*** Given records ***
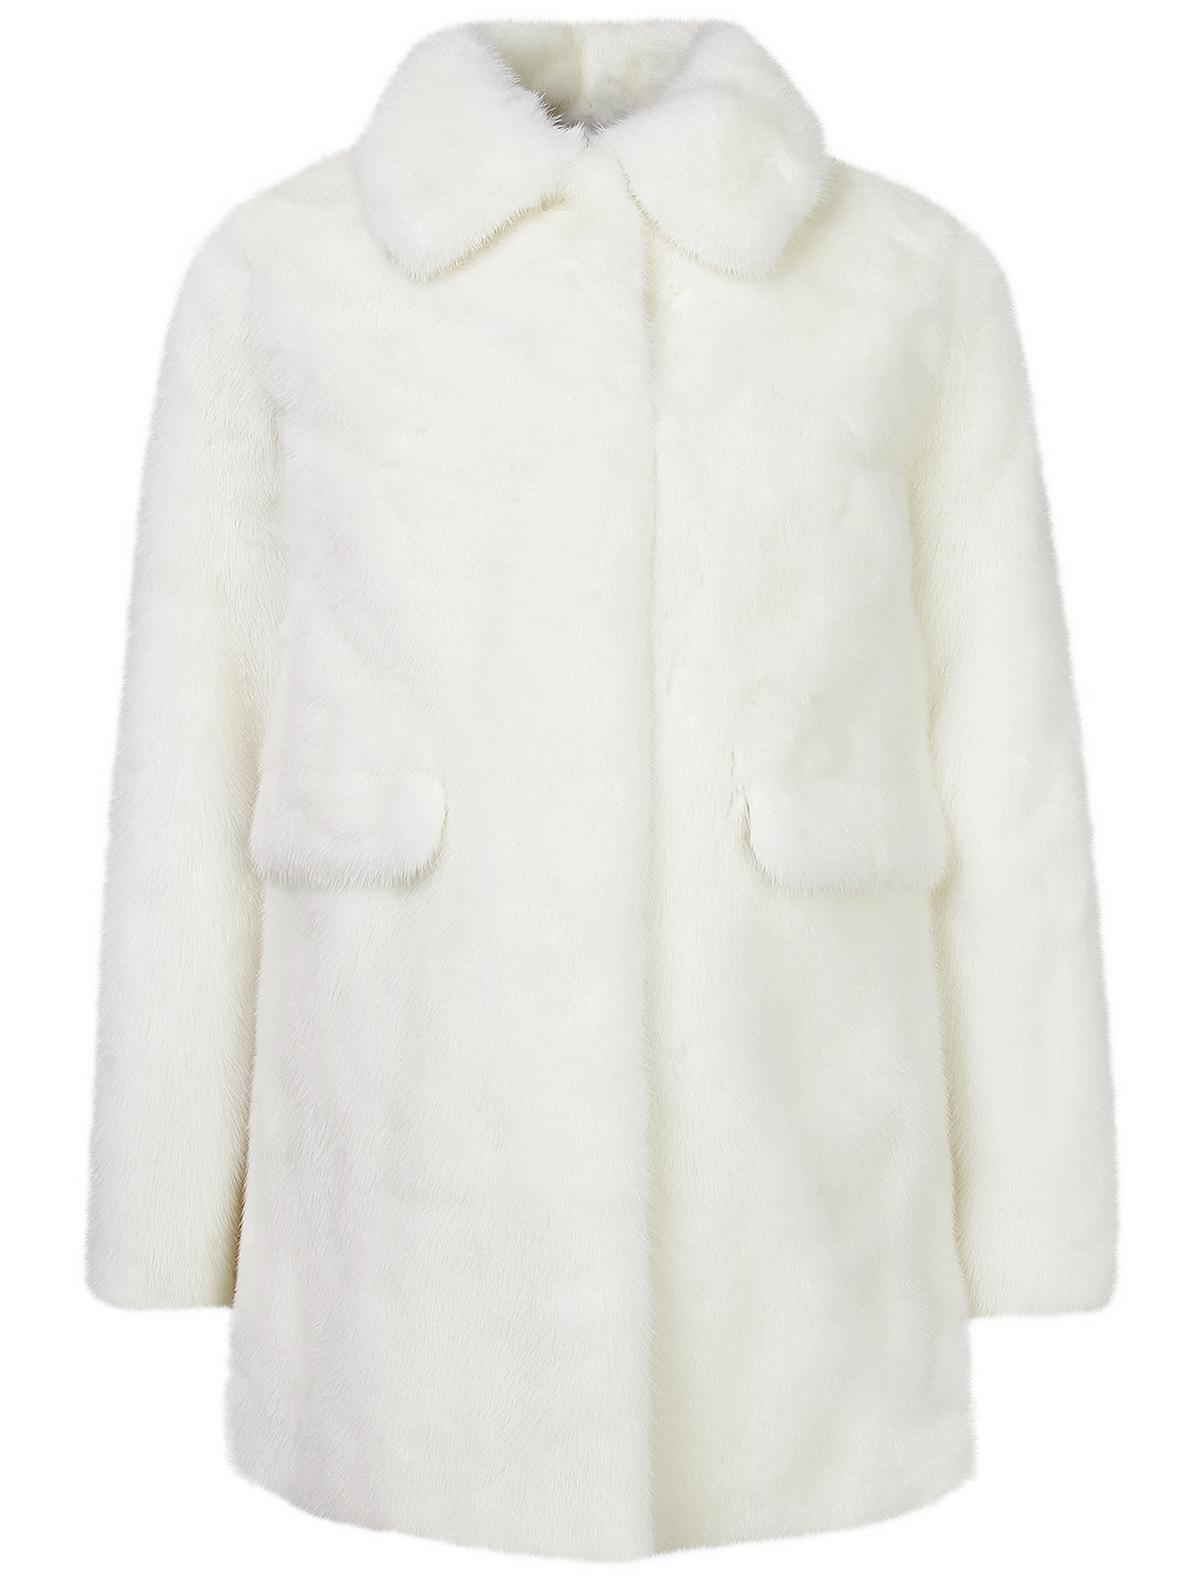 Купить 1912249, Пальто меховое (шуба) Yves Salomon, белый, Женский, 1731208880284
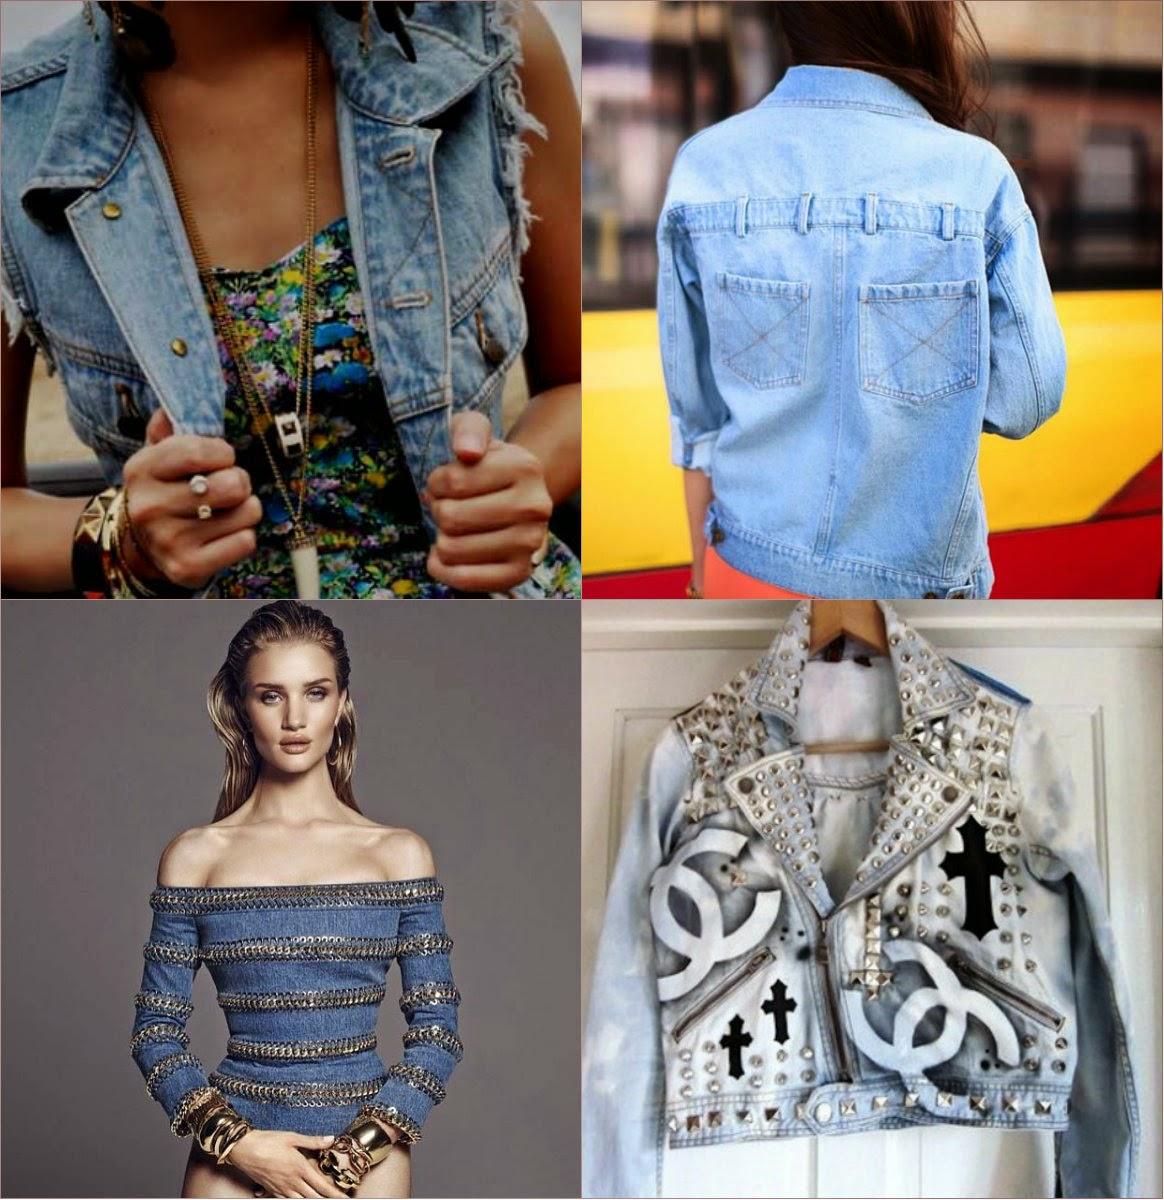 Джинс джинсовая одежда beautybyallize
*** End of Given records ***
*** Given records ***
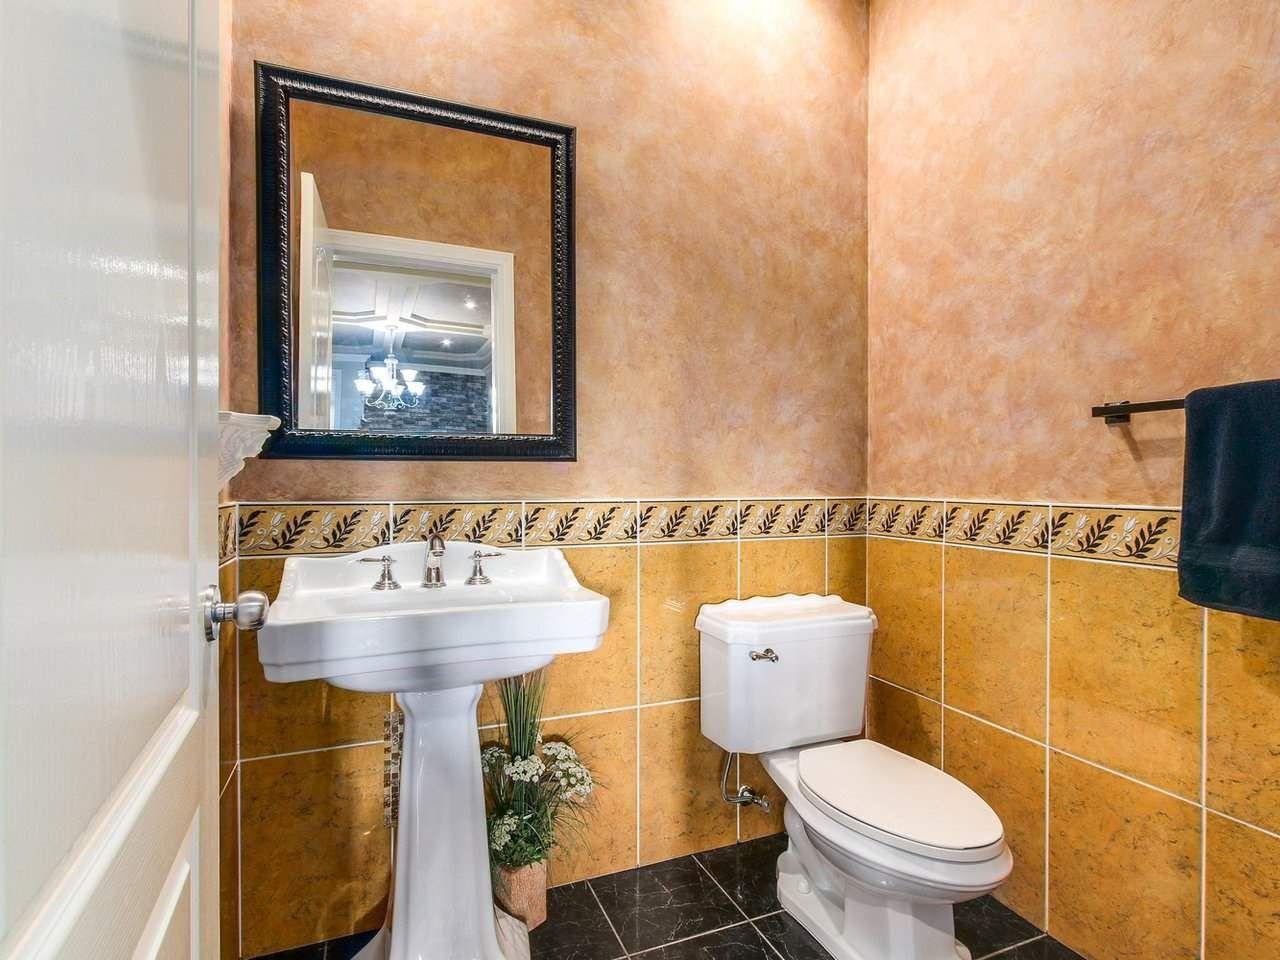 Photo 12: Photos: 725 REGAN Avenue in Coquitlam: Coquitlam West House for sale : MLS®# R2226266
*** End of Given records ***
=== What this task involves ===
Print, exactly, each line above from the one with "Купить 1912249, Пальто" to the one with "Джинс джинсовая одежда beautybyallize", end lines included. Leave pictures out of it.

=== Solution to this exercise ===
 Купить 1912249, Пальто меховое (шуба) Yves Salomon, белый, Женский, 1731208880284
 Джинс джинсовая одежда beautybyallize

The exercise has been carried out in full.